* [EXERCISE AIM]: After locating the line that holds "The 2022 Ram", copy that line and all that follow it word for word through the end of the data, with no pictures.

* [RECORDED DATA]:

● ● ●

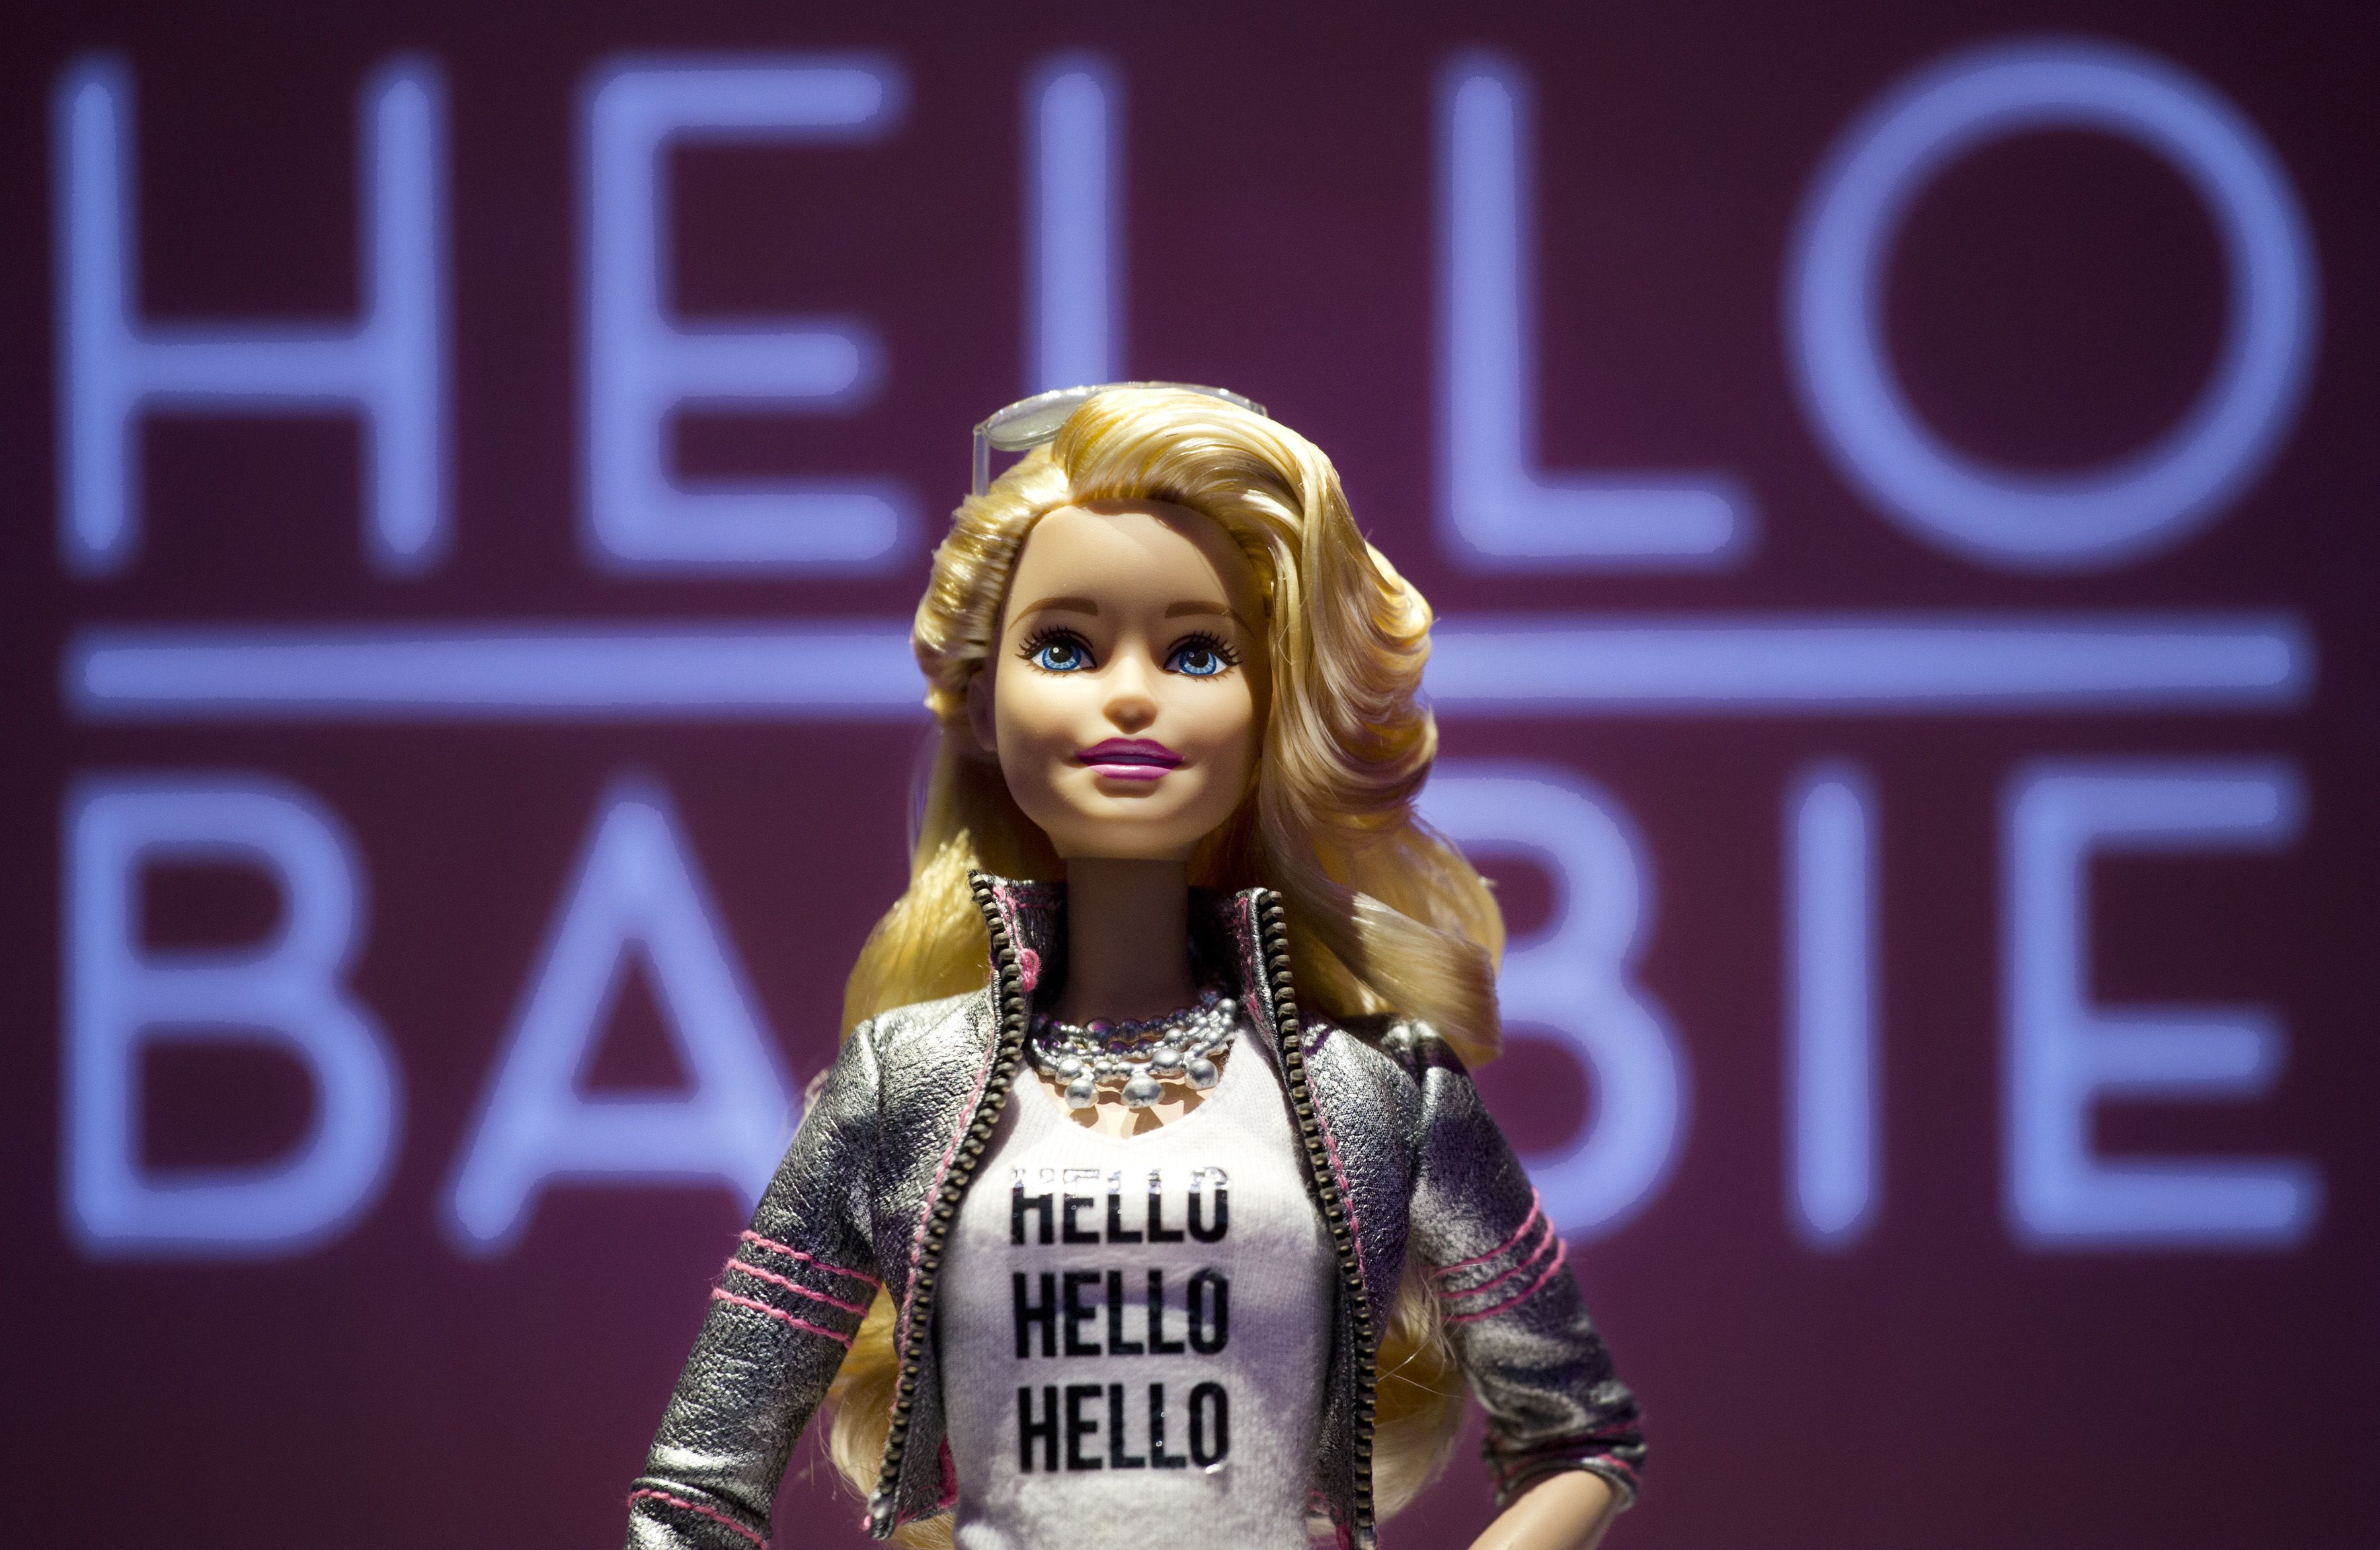 Barbie California Porn - Is Hello Barbie eavesdropping on your kids? | CNN
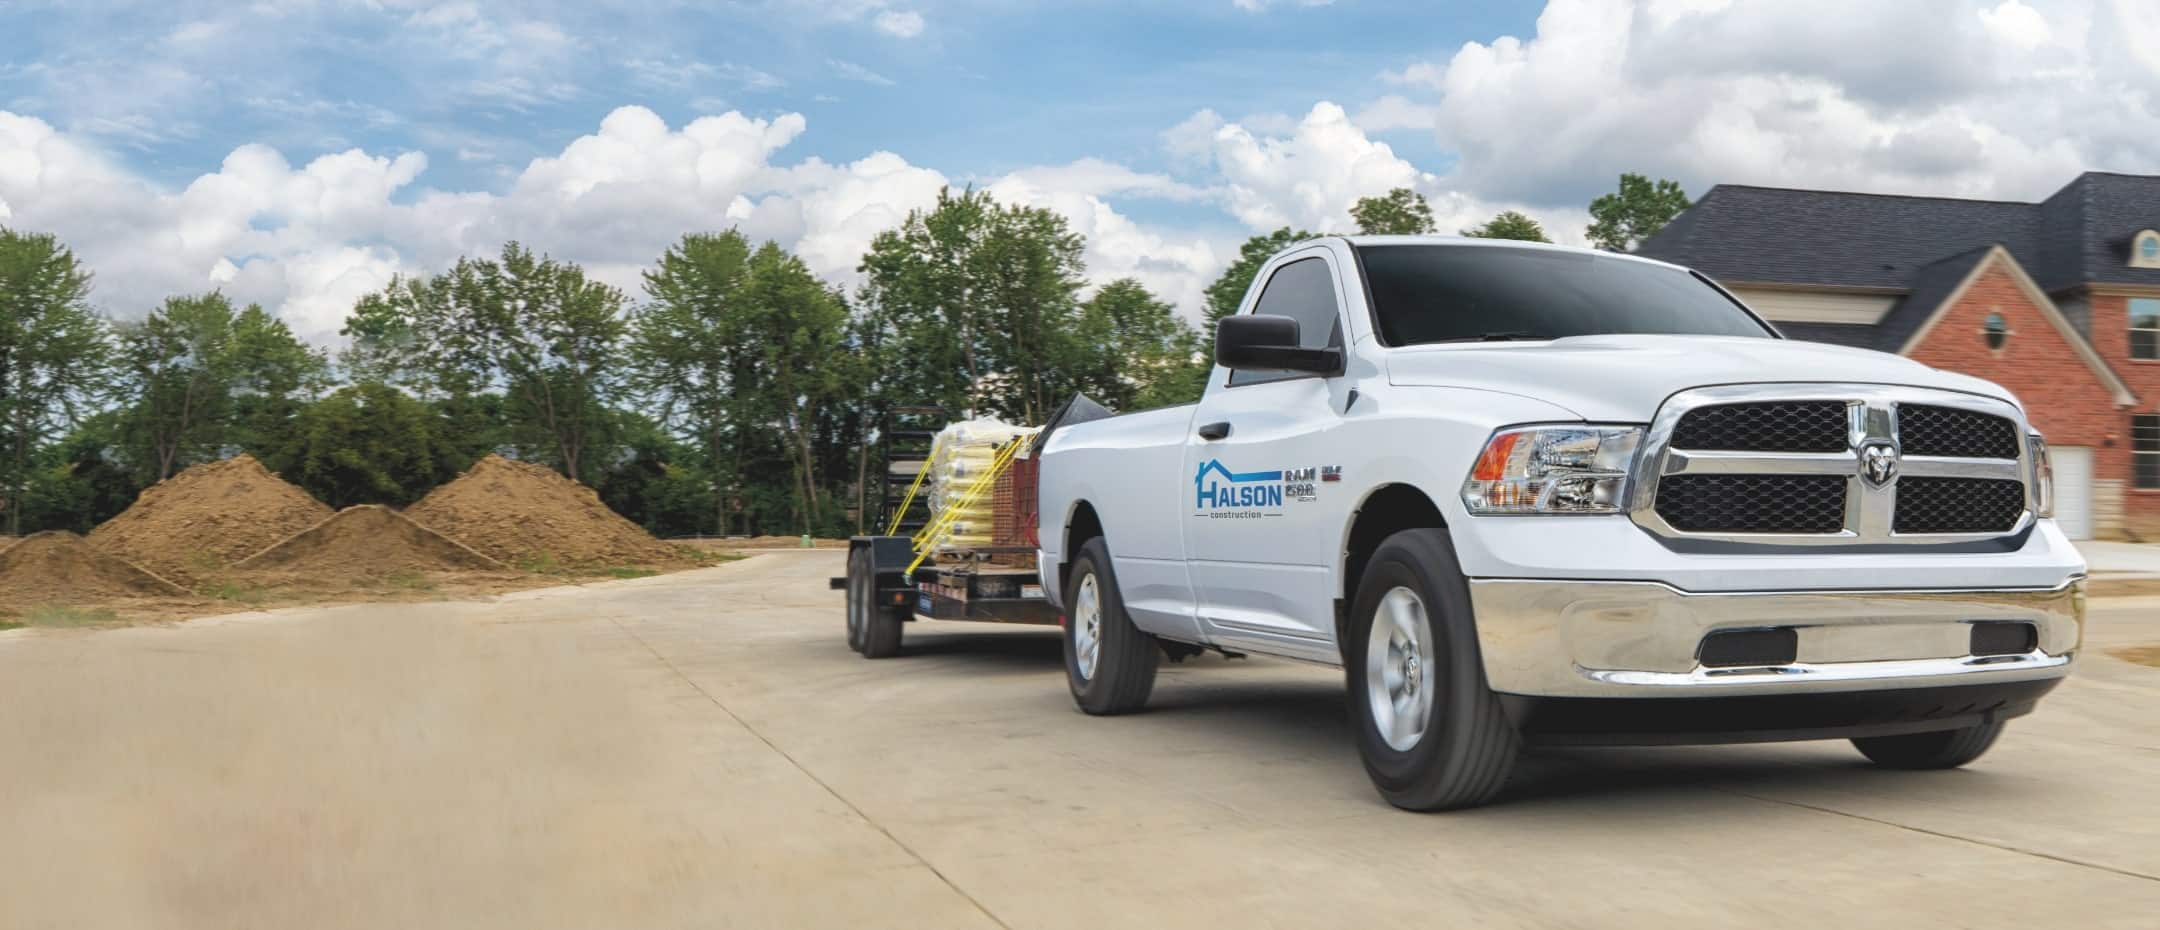 The 2022 Ram 1500 Classic towing a horse trailer.
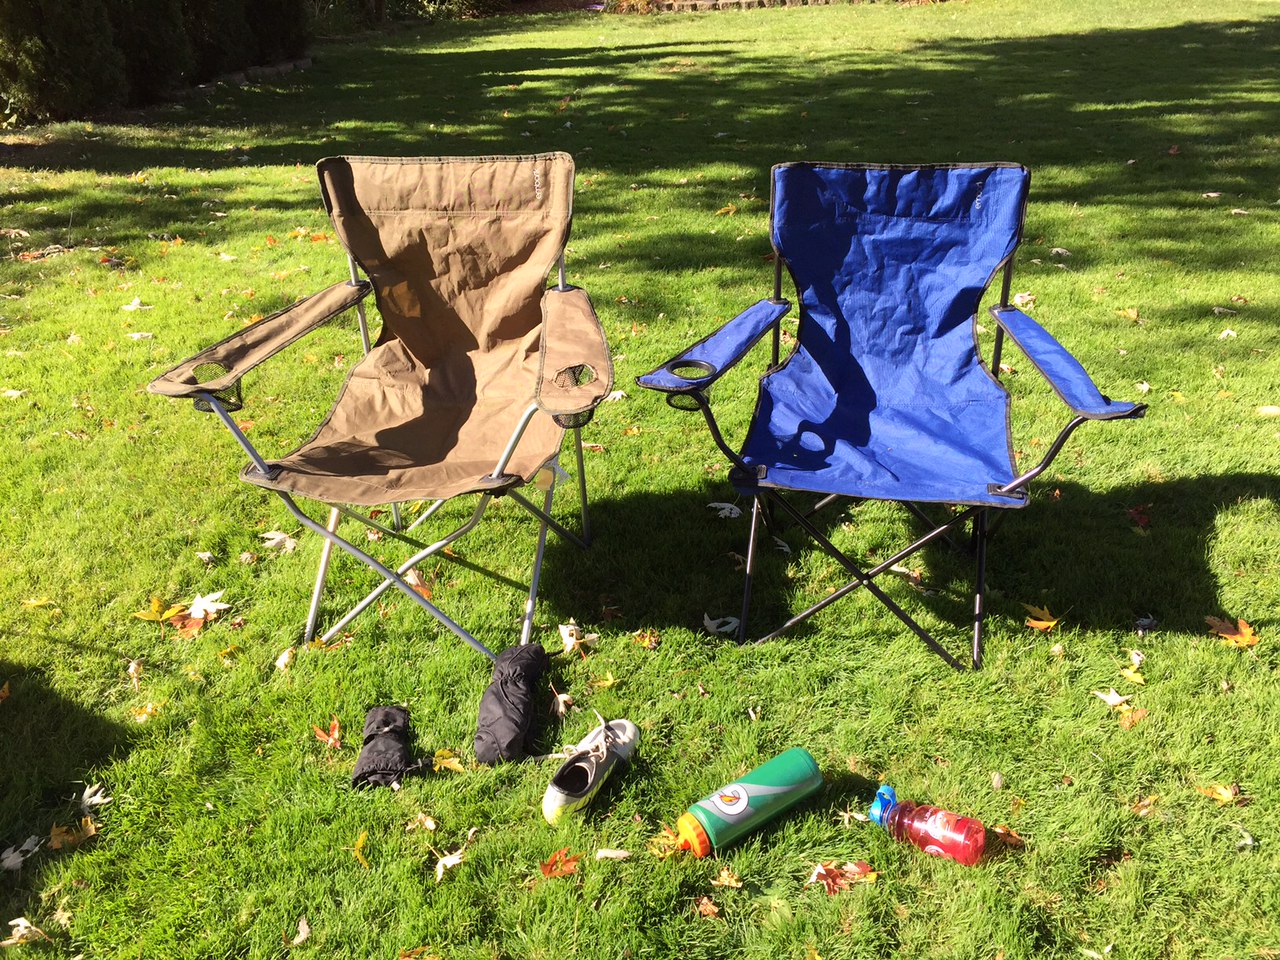 2015 camp out lost & found

● ● ●

* [THE ANSWER]:
 The 2022 Ram 1500 Classic towing a horse trailer.
 2015 camp out lost & found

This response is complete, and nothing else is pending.